PNRPU’s AI system closes this gap. Independent tests show stable predictive performance ranging from 88.27% to 92.06%, making it one of the most advanced tools globally for designing roads in extreme geotechnical environments.

Engineering for Extreme Conditions

AI in road engineering is not new, but past projects focused mainly on maintenance tasks—pavement wear assessment, defect detection, or asphalt‑mix optimization. PNRPU’s development represents a leap forward: a shift from monitoring existing structures to designing entirely new ones for harsh conditions.

Globally, no comparable calculation system exists for modeling geosynthetic‑reinforced roads on weak soils with this level of predictive precision. That gives the technology export potential in regions facing similar challenges, including Scandinavia, northern Canada, Alaska, Siberia, and tropical swamp zones.

A History of Innovation

Road building on permafrost in Russia dates back to the Soviet era, relying on conservative design with large safety margins—reliable but costly. By the 1990s and 2000s, Western geosynthetics entered the market, but local methodologies lagged behind. Advances in computational modeling and machine learning in the 2010s made high‑resolution simulation feasible.

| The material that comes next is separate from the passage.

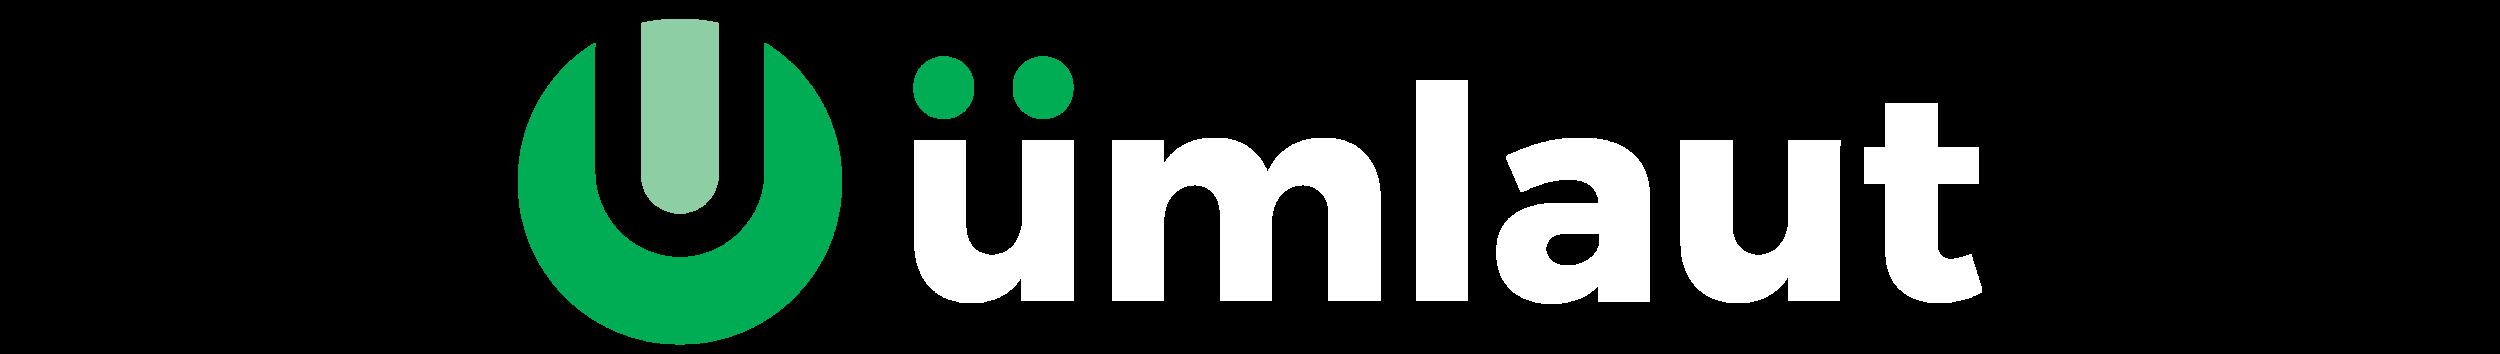 UML-small-format-footer_v.png

Early neural‑network applications focused on predicting road degradation. With expanding datasets and computing power, engineers can now model structural behavior under dynamic loads. PNRPU’s work marks a decisive shift from diagnostics to design, signaling a digital transformation of civil engineering.

Toward a Logistics Revolution

If implemented at scale, PNRPU’s system could transform logistics across Russia’s remote regions. More affordable, resilient all‑season roads would make timber extraction economically viable in previously inaccessible areas, lowering transportation costs and reducing the price of downstream products—from construction materials to consumer goods.

The wider economic effects include new jobs in remote areas, stronger regional infrastructure, and more efficient use of national forest resources. At a strategic level, the project reflects a broader transition to AI‑assisted engineering, where machine learning becomes a co‑author of infrastructure solutions.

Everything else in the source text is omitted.